* [PROVIDED RECORDS]
——————————
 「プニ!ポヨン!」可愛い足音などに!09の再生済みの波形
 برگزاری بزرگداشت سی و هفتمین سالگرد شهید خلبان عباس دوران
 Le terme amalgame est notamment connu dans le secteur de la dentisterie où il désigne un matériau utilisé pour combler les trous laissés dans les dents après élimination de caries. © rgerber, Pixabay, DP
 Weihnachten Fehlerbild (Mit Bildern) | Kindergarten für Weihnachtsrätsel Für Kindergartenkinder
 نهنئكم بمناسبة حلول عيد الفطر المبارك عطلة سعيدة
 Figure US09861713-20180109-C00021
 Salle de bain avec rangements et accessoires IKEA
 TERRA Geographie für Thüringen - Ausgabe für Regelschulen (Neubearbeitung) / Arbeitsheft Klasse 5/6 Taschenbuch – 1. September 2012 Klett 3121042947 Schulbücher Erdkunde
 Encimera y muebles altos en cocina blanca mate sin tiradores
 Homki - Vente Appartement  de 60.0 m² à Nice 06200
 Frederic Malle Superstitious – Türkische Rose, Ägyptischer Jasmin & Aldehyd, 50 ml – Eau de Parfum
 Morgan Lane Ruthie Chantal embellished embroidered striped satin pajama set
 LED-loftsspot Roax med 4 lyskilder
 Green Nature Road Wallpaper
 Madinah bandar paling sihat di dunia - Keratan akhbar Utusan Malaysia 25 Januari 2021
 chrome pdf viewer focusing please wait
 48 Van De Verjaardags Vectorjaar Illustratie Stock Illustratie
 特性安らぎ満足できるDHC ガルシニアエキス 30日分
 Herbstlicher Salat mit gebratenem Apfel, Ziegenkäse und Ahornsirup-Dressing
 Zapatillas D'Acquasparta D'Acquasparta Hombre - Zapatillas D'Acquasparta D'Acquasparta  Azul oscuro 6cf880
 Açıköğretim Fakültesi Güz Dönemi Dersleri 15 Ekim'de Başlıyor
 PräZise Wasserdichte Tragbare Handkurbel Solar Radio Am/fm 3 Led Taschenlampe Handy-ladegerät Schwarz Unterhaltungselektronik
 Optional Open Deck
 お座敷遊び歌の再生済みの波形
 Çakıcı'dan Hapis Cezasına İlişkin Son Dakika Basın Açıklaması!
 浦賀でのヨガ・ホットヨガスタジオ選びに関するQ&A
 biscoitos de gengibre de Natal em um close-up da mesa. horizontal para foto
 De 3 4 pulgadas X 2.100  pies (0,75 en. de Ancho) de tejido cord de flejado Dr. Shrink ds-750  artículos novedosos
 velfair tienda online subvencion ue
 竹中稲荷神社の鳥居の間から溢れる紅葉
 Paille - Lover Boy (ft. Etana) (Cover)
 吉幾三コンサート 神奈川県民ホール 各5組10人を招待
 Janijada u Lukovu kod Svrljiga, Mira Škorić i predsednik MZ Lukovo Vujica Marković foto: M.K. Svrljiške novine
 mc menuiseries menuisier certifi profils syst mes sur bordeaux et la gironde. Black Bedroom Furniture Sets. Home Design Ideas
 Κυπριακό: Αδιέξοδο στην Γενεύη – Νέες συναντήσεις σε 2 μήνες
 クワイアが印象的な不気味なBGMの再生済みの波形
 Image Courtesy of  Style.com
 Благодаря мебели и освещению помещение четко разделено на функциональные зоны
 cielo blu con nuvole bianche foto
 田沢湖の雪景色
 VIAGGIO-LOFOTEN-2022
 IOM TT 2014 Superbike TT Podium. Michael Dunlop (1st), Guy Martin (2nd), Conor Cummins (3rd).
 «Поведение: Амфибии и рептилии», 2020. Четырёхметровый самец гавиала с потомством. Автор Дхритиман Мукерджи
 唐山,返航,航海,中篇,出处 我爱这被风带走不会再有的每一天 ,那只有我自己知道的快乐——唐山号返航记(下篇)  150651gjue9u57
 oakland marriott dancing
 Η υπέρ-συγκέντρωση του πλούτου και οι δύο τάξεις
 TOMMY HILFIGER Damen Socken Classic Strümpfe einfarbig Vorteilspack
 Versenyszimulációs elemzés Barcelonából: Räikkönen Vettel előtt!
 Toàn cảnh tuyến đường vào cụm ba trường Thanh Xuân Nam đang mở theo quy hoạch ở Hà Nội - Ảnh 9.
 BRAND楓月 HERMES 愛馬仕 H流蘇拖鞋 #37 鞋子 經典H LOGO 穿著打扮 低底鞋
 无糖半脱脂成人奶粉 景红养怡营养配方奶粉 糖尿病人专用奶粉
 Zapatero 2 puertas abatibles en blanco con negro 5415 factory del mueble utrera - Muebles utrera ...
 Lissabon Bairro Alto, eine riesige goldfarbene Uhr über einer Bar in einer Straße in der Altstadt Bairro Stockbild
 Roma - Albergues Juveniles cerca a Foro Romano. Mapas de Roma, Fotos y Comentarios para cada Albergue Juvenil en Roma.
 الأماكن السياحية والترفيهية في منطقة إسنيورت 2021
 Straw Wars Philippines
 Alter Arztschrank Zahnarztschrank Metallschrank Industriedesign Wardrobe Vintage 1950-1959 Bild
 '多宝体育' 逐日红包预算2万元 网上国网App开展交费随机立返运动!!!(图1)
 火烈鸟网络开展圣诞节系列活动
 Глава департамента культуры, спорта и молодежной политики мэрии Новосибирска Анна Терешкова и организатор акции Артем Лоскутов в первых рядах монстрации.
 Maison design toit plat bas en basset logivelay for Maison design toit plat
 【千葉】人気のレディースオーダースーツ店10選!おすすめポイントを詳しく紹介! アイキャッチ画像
——————————
* [INSTRUCTIONS FOR THE TASK]
Reproduce the lines word for word, starting at the one holding "Versenyszimulációs elemzés Barcelonából: Räikkönen" and ending at the final line of the material above.

* [WRITTEN SOLUTION]
 Versenyszimulációs elemzés Barcelonából: Räikkönen Vettel előtt!
 Toàn cảnh tuyến đường vào cụm ba trường Thanh Xuân Nam đang mở theo quy hoạch ở Hà Nội - Ảnh 9.
 BRAND楓月 HERMES 愛馬仕 H流蘇拖鞋 #37 鞋子 經典H LOGO 穿著打扮 低底鞋
 无糖半脱脂成人奶粉 景红养怡营养配方奶粉 糖尿病人专用奶粉
 Zapatero 2 puertas abatibles en blanco con negro 5415 factory del mueble utrera - Muebles utrera ...
 Lissabon Bairro Alto, eine riesige goldfarbene Uhr über einer Bar in einer Straße in der Altstadt Bairro Stockbild
 Roma - Albergues Juveniles cerca a Foro Romano. Mapas de Roma, Fotos y Comentarios para cada Albergue Juvenil en Roma.
 الأماكن السياحية والترفيهية في منطقة إسنيورت 2021
 Straw Wars Philippines
 Alter Arztschrank Zahnarztschrank Metallschrank Industriedesign Wardrobe Vintage 1950-1959 Bild
 '多宝体育' 逐日红包预算2万元 网上国网App开展交费随机立返运动!!!(图1)
 火烈鸟网络开展圣诞节系列活动
 Глава департамента культуры, спорта и молодежной политики мэрии Новосибирска Анна Терешкова и организатор акции Артем Лоскутов в первых рядах монстрации.
 Maison design toit plat bas en basset logivelay for Maison design toit plat
 【千葉】人気のレディースオーダースーツ店10選!おすすめポイントを詳しく紹介! アイキャッチ画像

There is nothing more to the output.